* **Task goal**: Beginning with the line that contains "Festival medieval la Vatra", retype the entries below exactly, ending with the line that contains "Christmas Tree Santa". Leave out any pictures.

* **Record excerpts**:
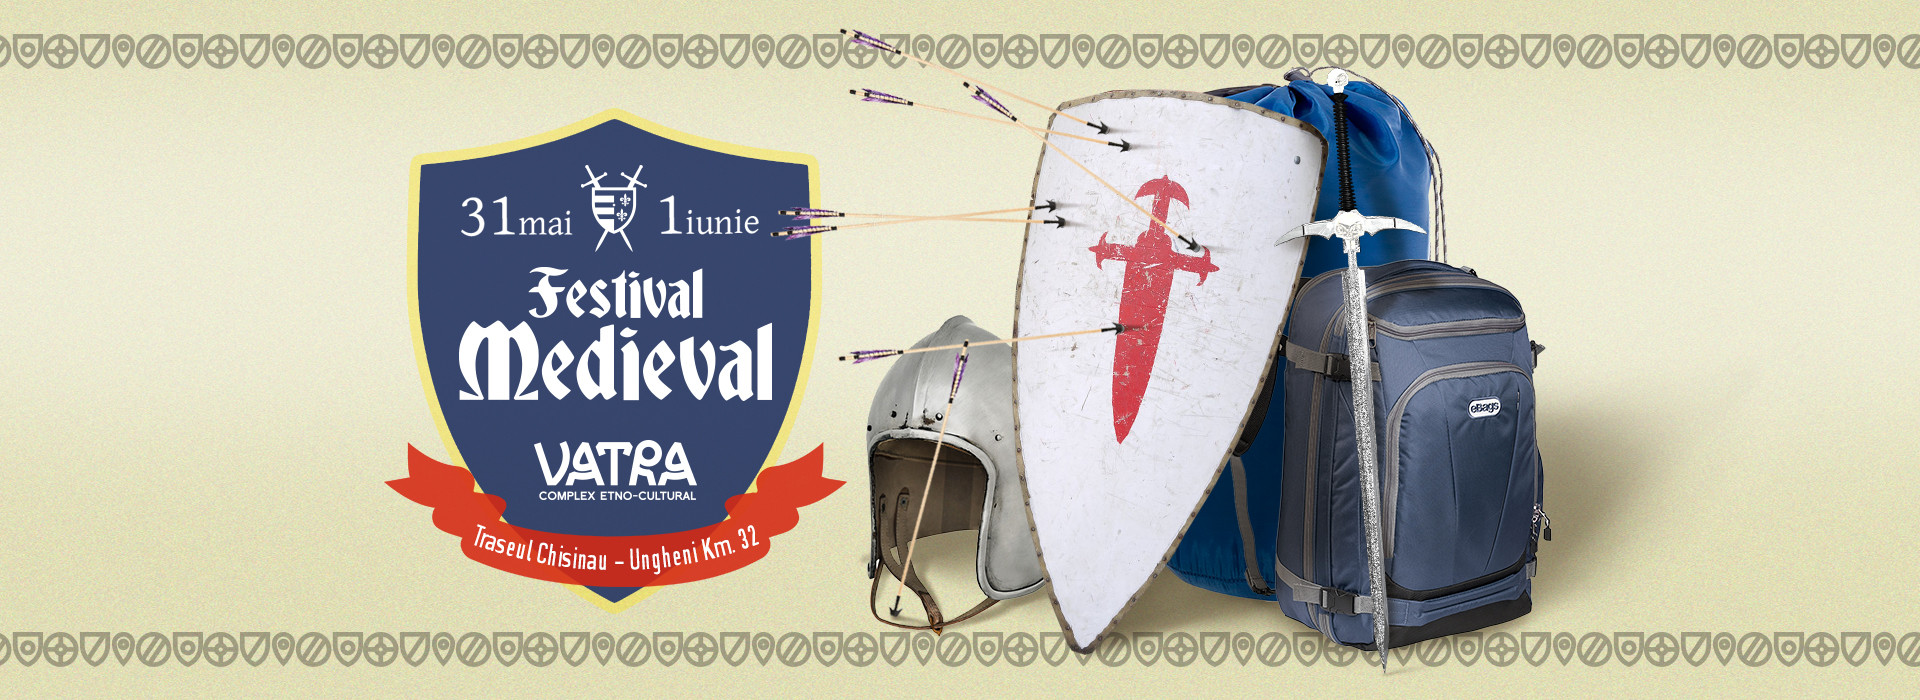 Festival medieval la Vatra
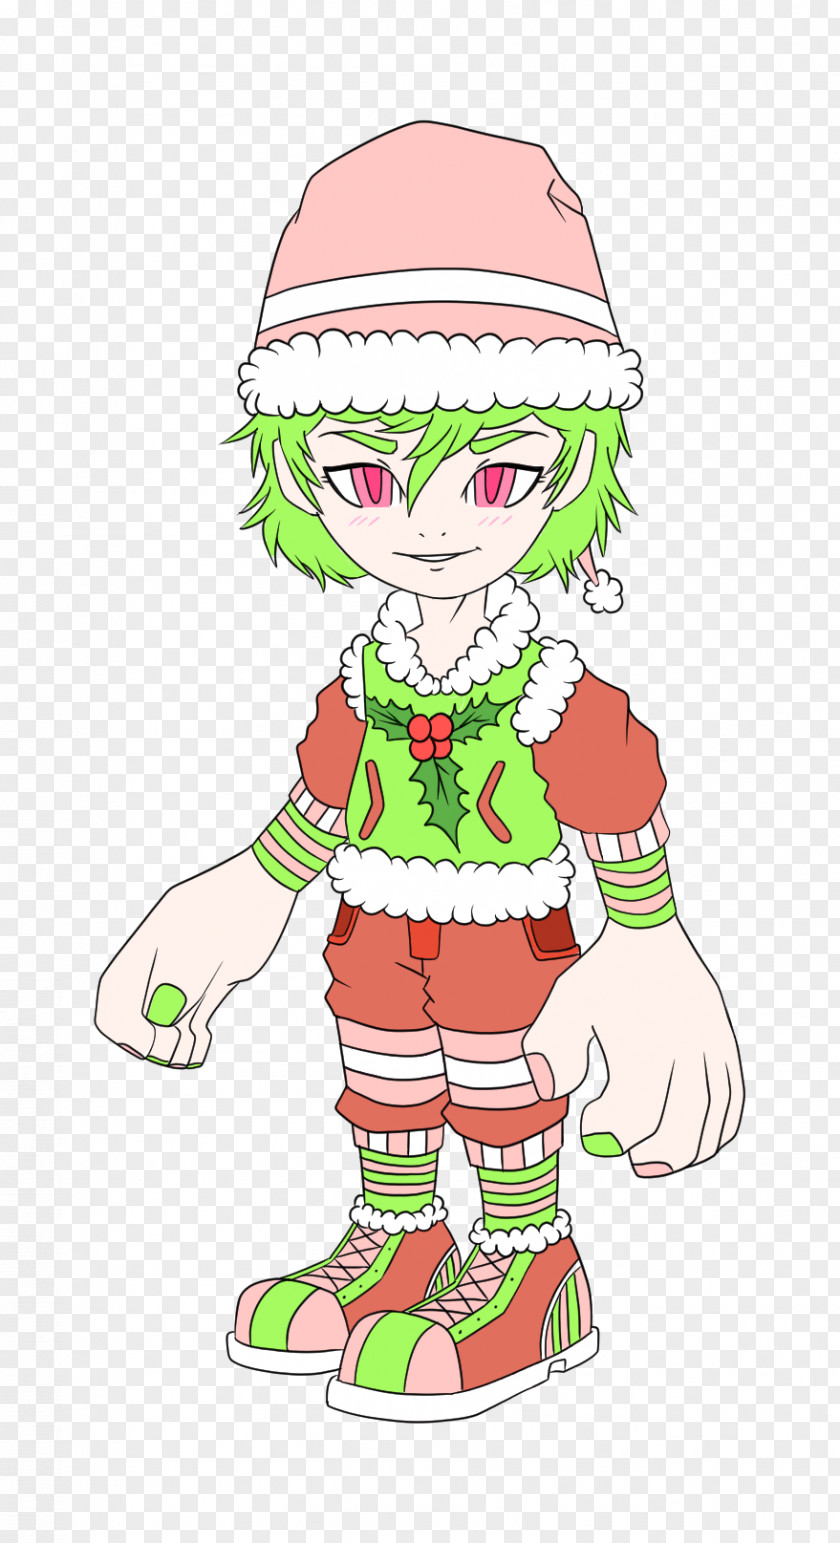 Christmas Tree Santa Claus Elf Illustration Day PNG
...
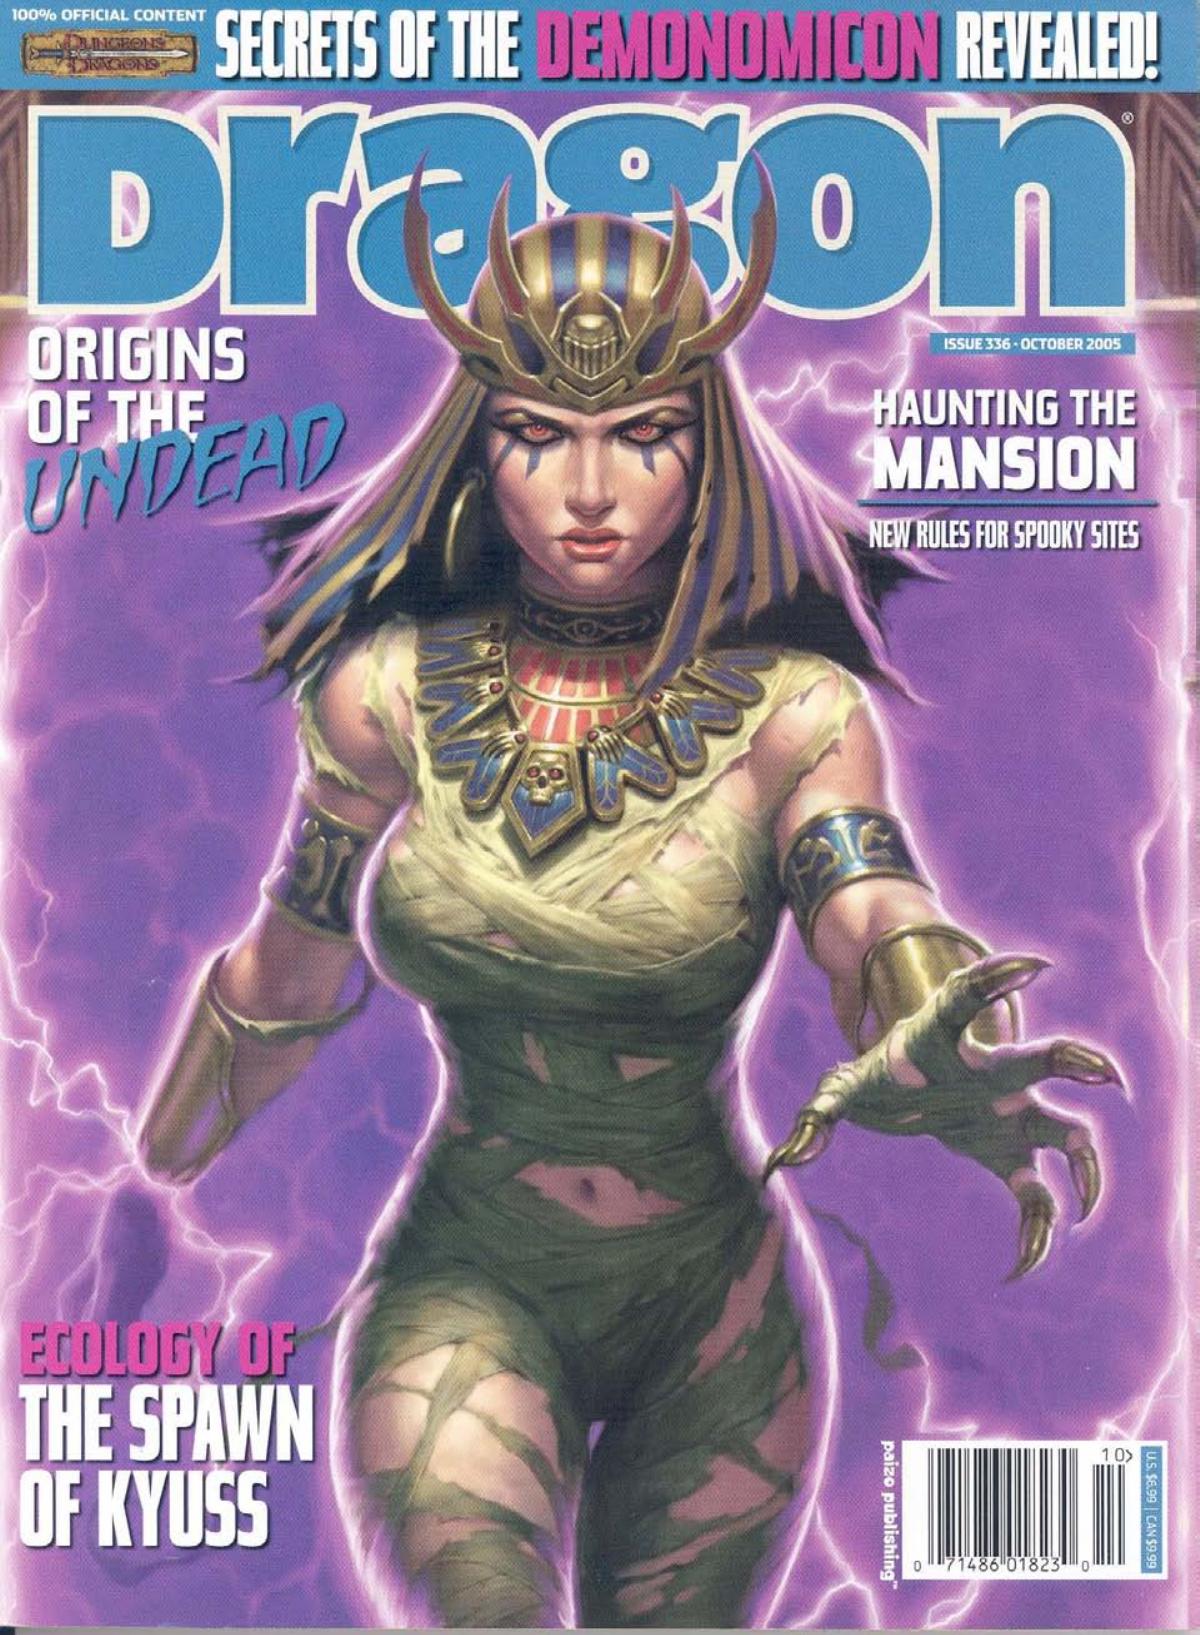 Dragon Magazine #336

* **Answer space**:
 Festival medieval la Vatra
 Christmas Tree Santa Claus Elf Illustration Day PNG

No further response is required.